Table 2 Predictive performance of the developed ML model

Decision curve analysis (Fig. 3) highlights the clinical utility of using the ML model to predict the recurrence risk within 5 years following surgery, with higher net benefit for the ML model than the competing decisions, assuming that all patients or no patient will recur, for all threshold probabilities between 10% and 50%. For a threshold probability of 30%, the ML model achieved a net benefit of 0.10, which means that 10 additional recurrences for every 100 patients would have been identified, without increasing the number of false positive predictions.

Fig. 3: Decision curve.
figure 3

Decision curve for prediction of recurrence risk within 5 years after surgery. The green curve assumes no patient will recur. The red curve assumes all patients will recur. The blue curve is associated with the use of machine learning model. The graph shows the expected net benefit for a range of threshold probabilities. The expected net benefit corresponds to the number of patients for every 100 patients who were correctly predicted with recurrence, without increasing the number of false positive predictions.
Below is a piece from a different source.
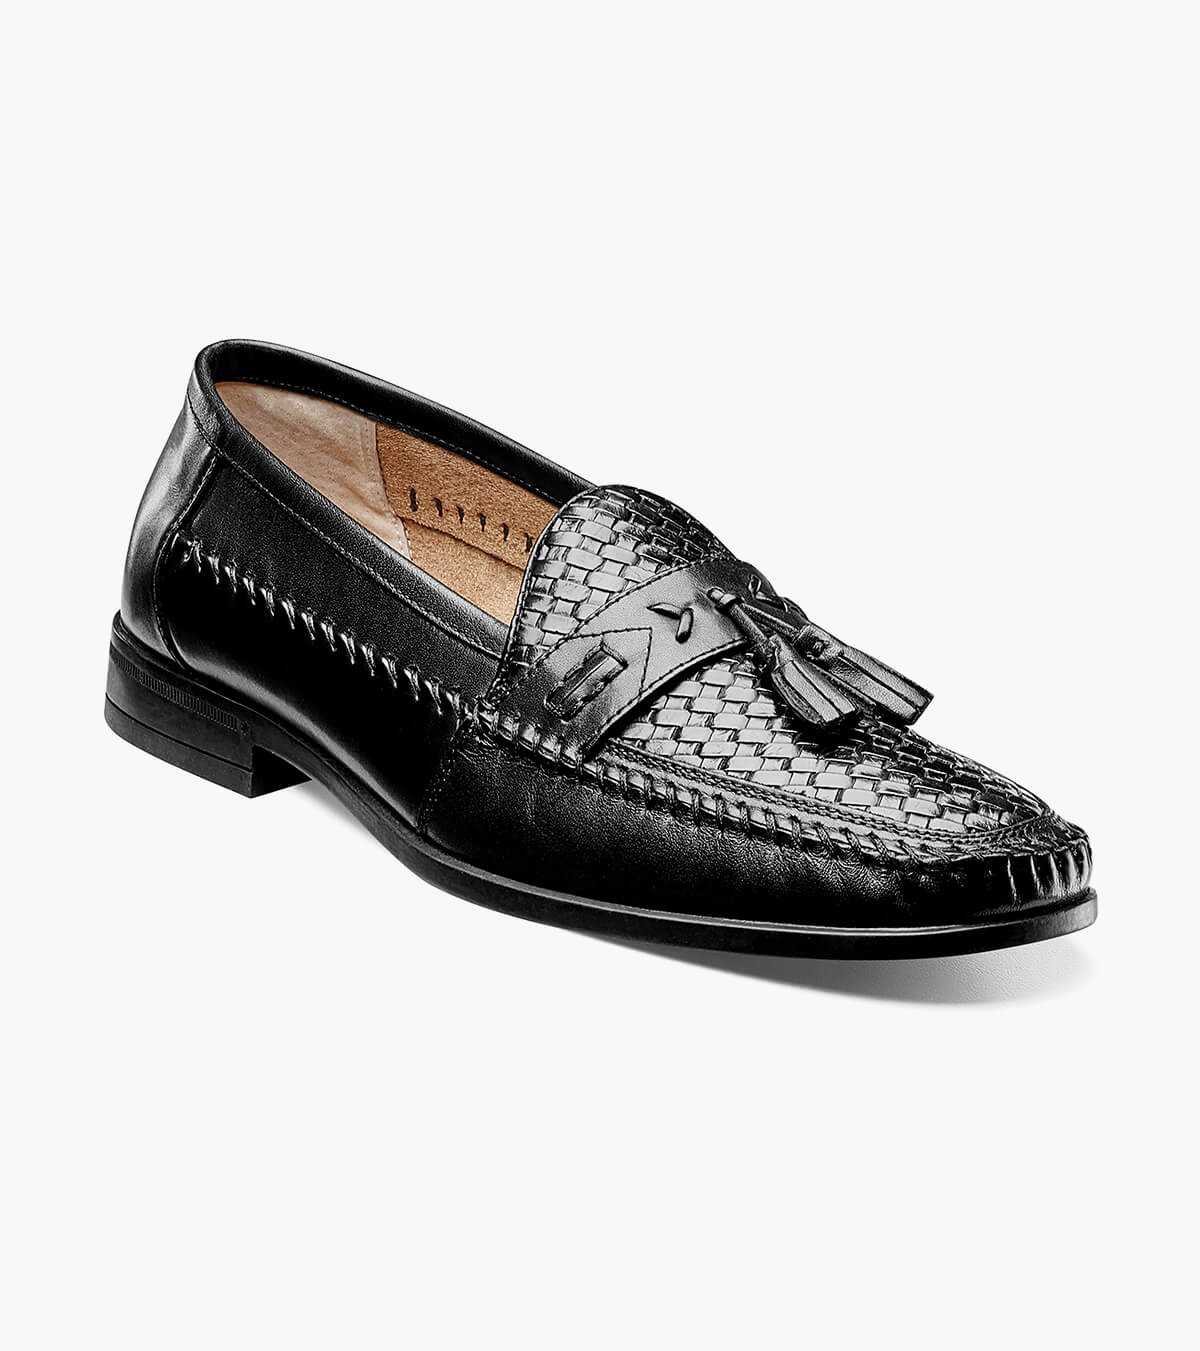 Nunn Bush 84484 001 Strafford Woven Black Leather Men's Slip-On Loafer Shoes

The machine learning model showed better net benefit than the competing decisions for all the plausible threshold probabilities, comprised between 10% and 50%.

Individual prediction and stratification into risk groups

Each individual prediction was displayed using SHAP values, with characteristics that increase the risk of recurrence in red and protective factors in blue. An example is given in Fig. 4a, in which the patient has a 5-year recurrence risk of 63% (compared with an average risk of 20% in the training population). This increased risk is explained by the clear cell histological subtype, the Fuhrman grade 4, the presence of a necrotic component and the large tumor size. The young age of the patient reduces this risk. Patients assigned to the test cohort were stratified into four risk groups (Fig. 4b) using thresholds determined from the train cohort, achieving an iAUC of 0.79 [IC95% 0.74–0.83]. The threshold for the very low-risk group was set to include patients with a recurrence risk within 5 years lower than 10%. The resulting group represents 19% of the population with an actual 5-year recurrence rate lower than 2% and no death observed within this time frame. The threshold for low and medium-risk patients was set to obtain recurrence risks within 5 years between 10% and 22% and between 22% and 41%, respectively. This represents 43% of the population with an actual 5-year DFS of 83% for the low-risk group and 22% of the population with a DFS of 54% for the medium-risk group. Finally, the last group isolates patients with a recurrence risk superior to 41% within 5 years resulting in 17% of the population having an actual 5-year DFS of 49%.

Fig. 4: Interpretability tools.
figure 4

a SHAP value. Individual risk of recurrence within five years after surgery explained using SHAP values for a patient. The average estimated risk in the train population (base value) is 20%. Individual risk prediction for the patient is higher, at 63%, with features in red that increase the patient’s risk of recurrence and features in blue that decrease it. b Risk groups' stratification. Actual disease-free survival in the test cohort (n = 1131) according to the stratified risk score. 211 (18.7%) were classified as very low risk, 484 (42.8%) patients at low risk, 245 (21.7%) patients at medium risk and 191 (16.9%) patients at high risk of recurrence within 5 years following the surgery. The black curve represents the predicted survival curve for the patient in (a).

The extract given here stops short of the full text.